--- START ---
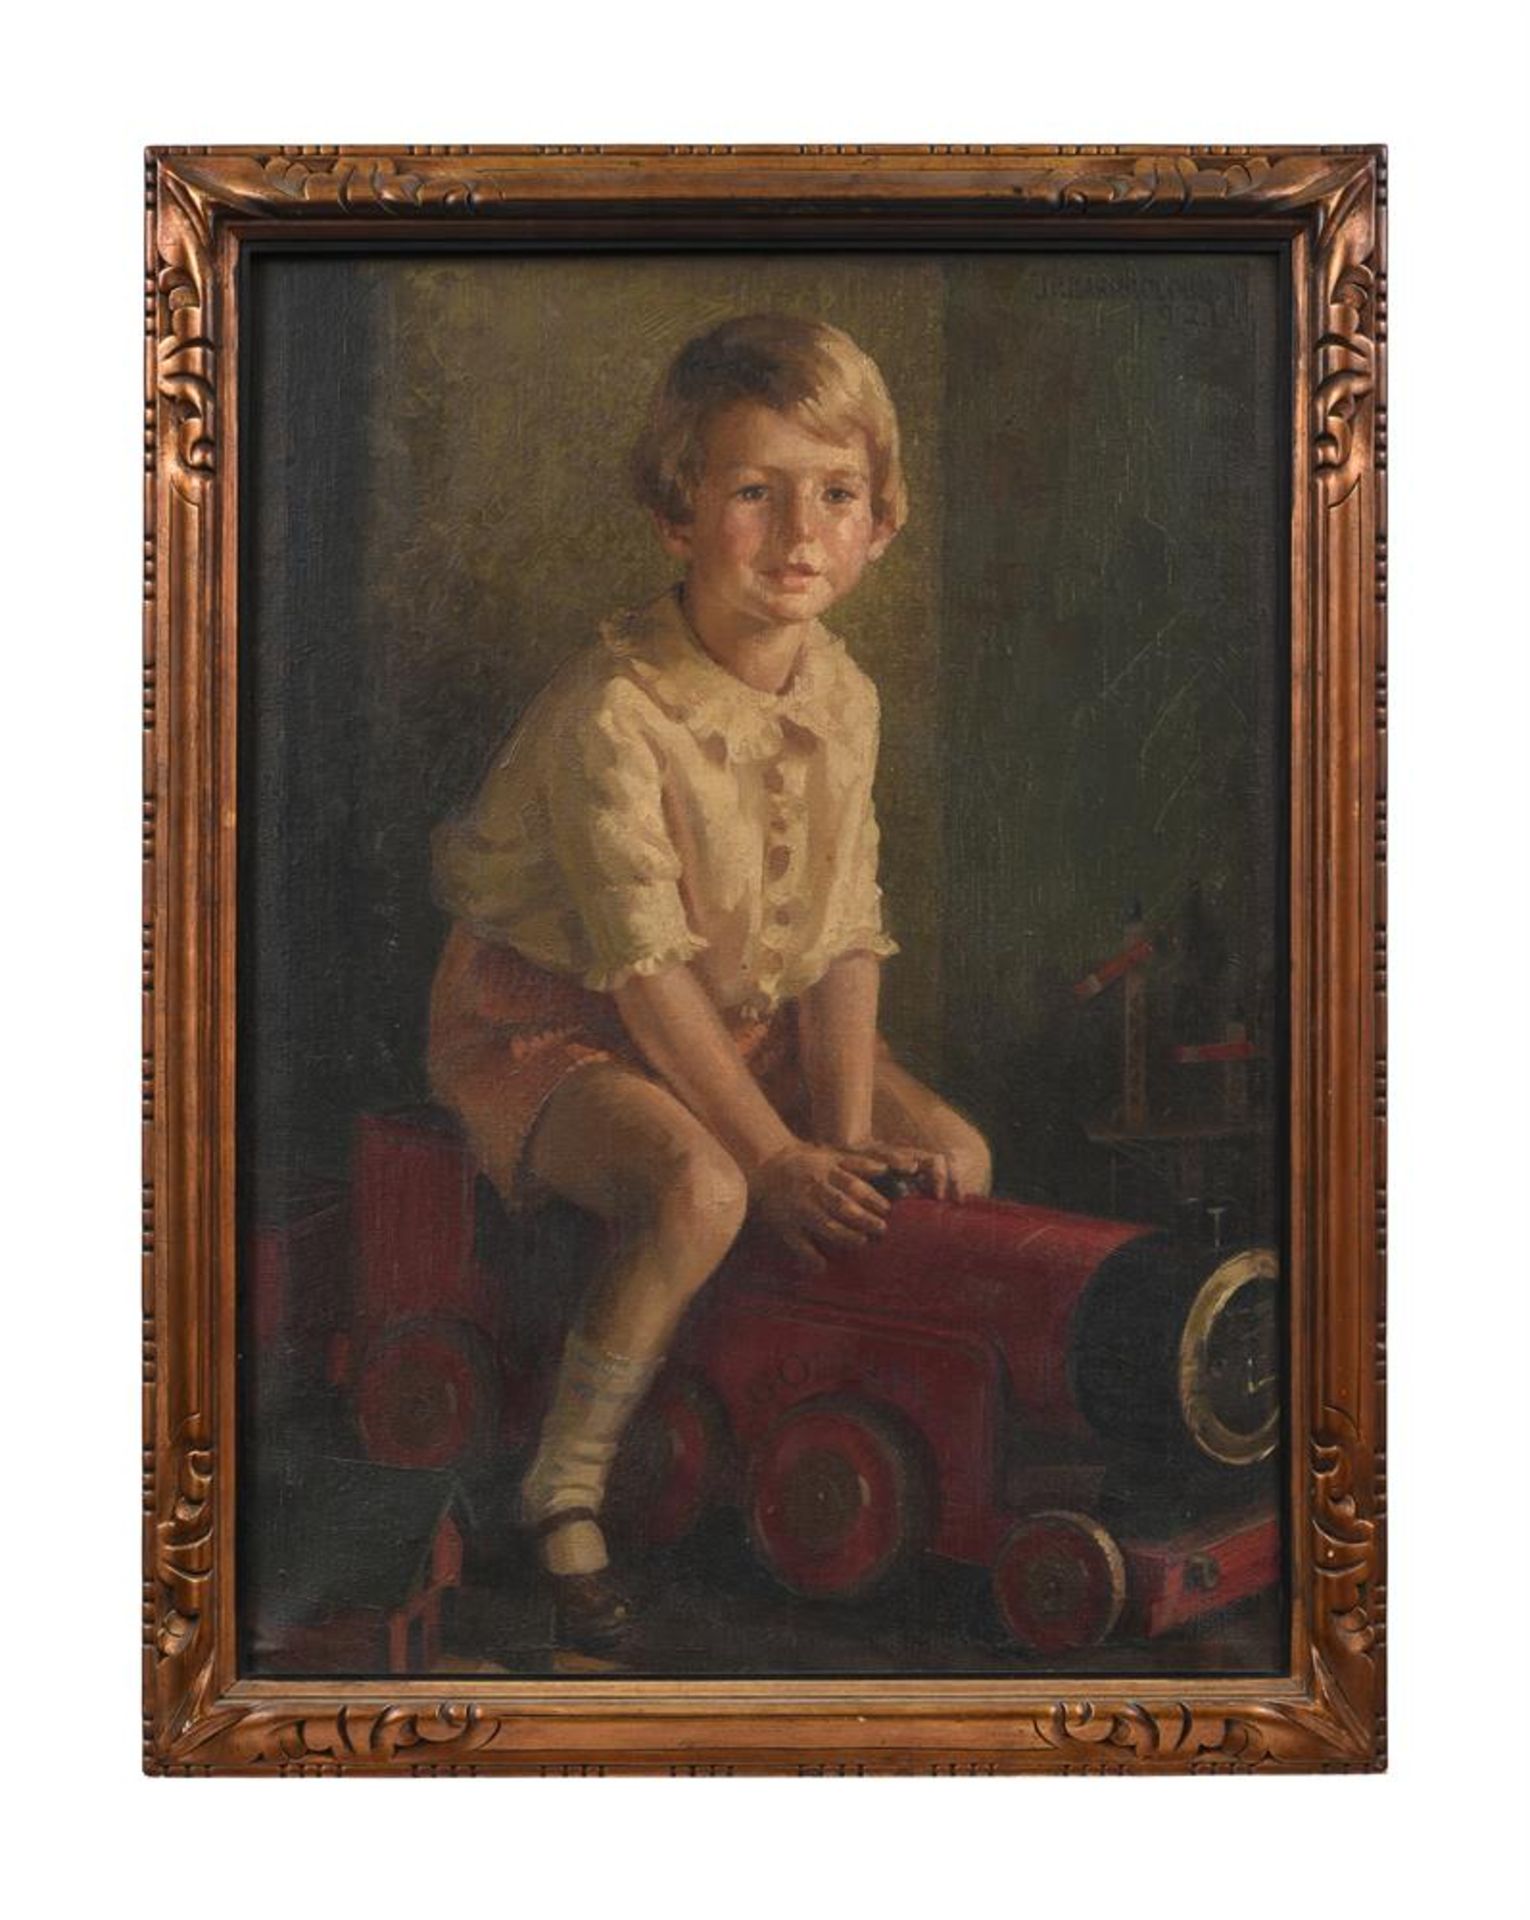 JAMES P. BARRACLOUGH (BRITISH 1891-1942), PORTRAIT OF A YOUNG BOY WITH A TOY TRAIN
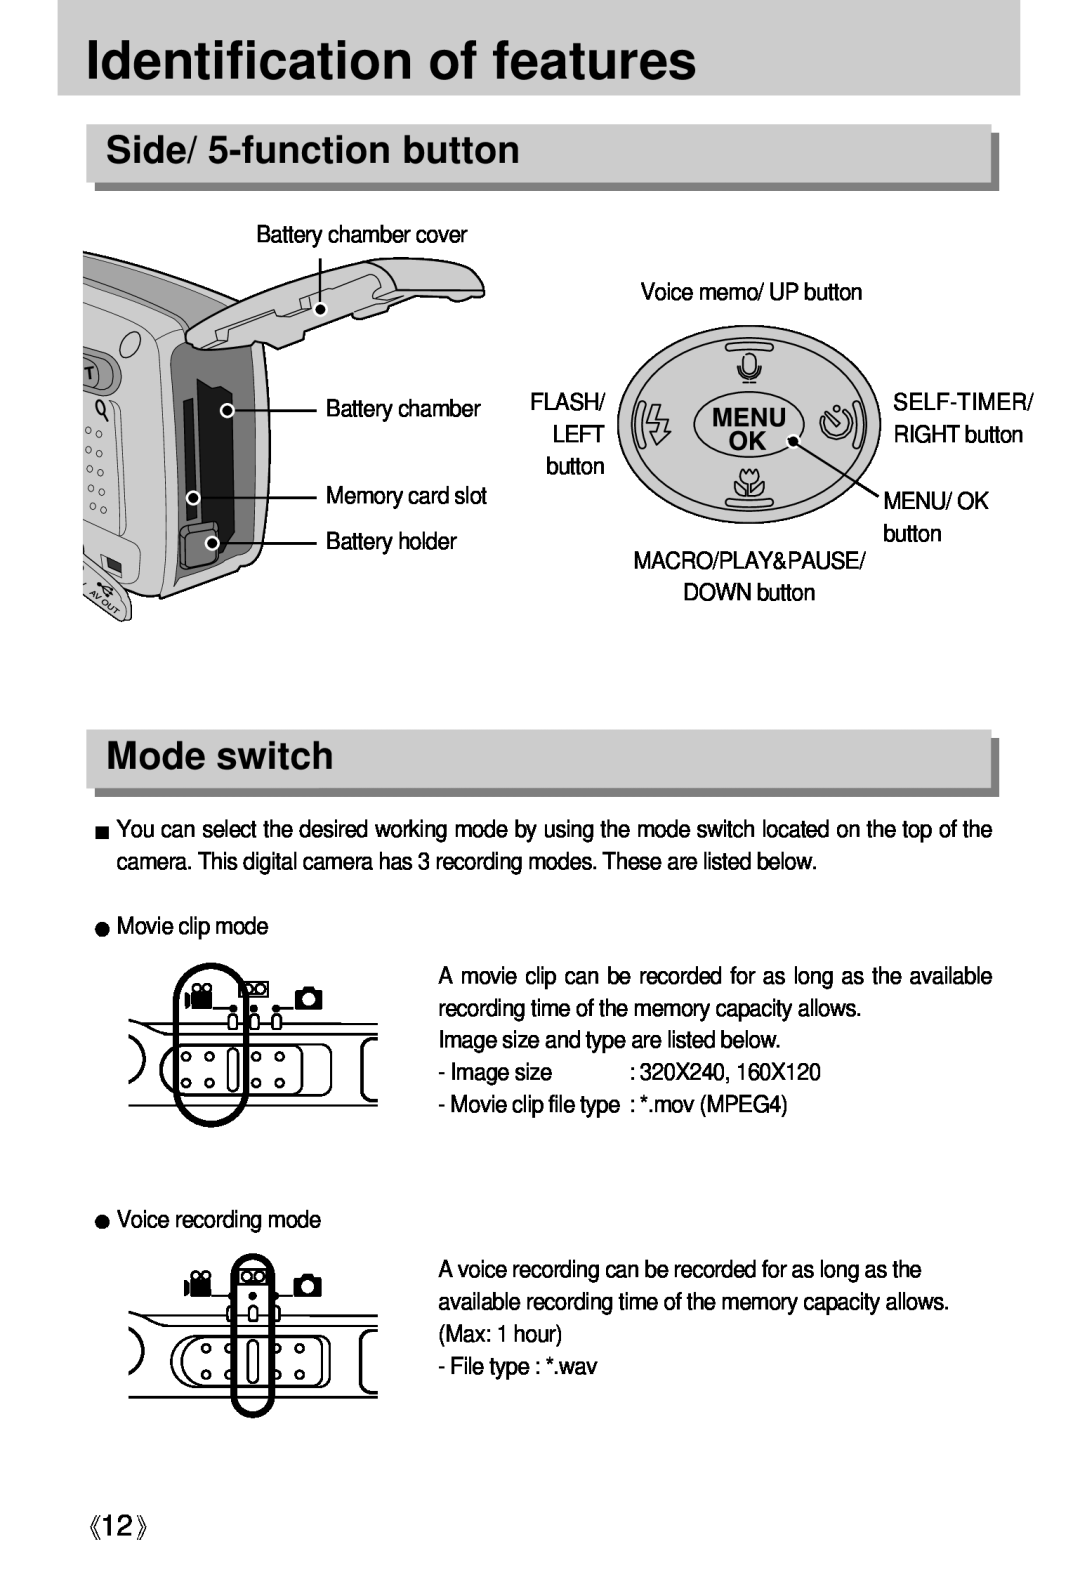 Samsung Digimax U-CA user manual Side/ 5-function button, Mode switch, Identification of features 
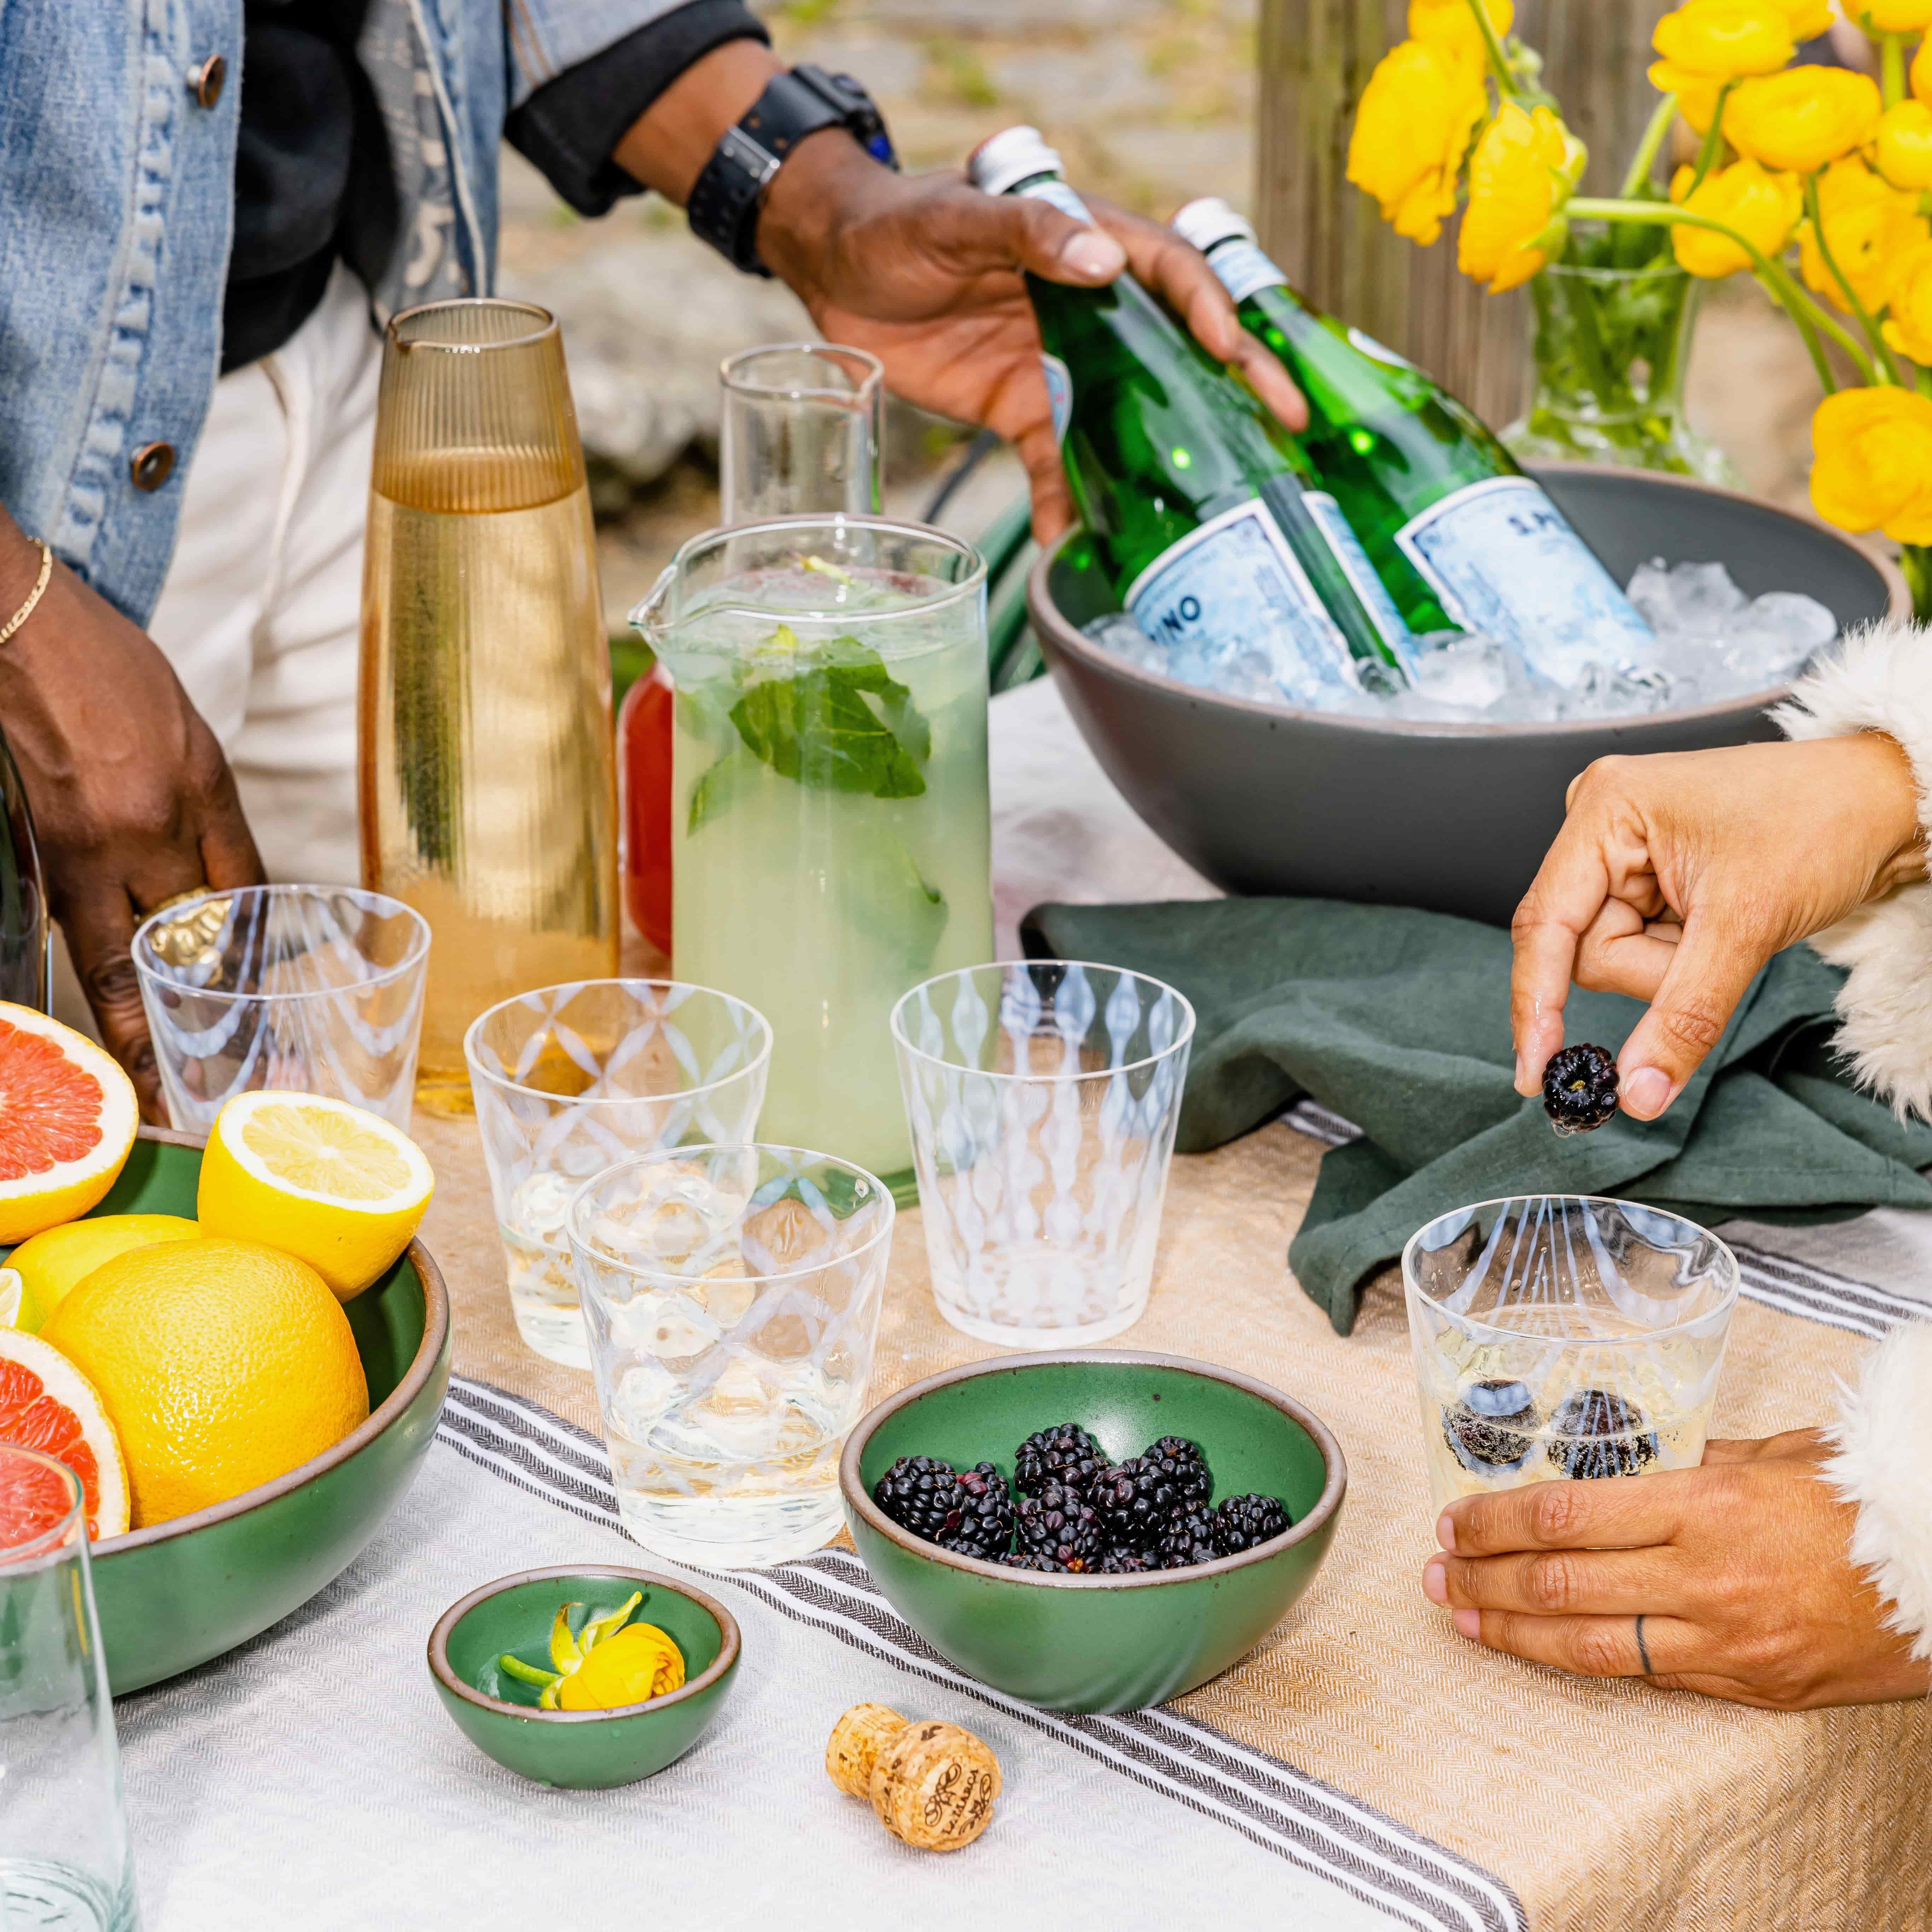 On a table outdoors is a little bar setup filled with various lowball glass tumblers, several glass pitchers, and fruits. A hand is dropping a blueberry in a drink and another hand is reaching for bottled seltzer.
--- END ---
ABOUT THIS EXERCISE → With the pictures left out, return the listing above exactly as it stands.

RESPONSE TO THE TASK →
 JAMES P. BARRACLOUGH (BRITISH 1891-1942), PORTRAIT OF A YOUNG BOY WITH A TOY TRAIN
 Samsung Digimax U-CA user manual Side/ 5-function button, Mode switch, Identification of features 
 On a table outdoors is a little bar setup filled with various lowball glass tumblers, several glass pitchers, and fruits. A hand is dropping a blueberry in a drink and another hand is reaching for bottled seltzer.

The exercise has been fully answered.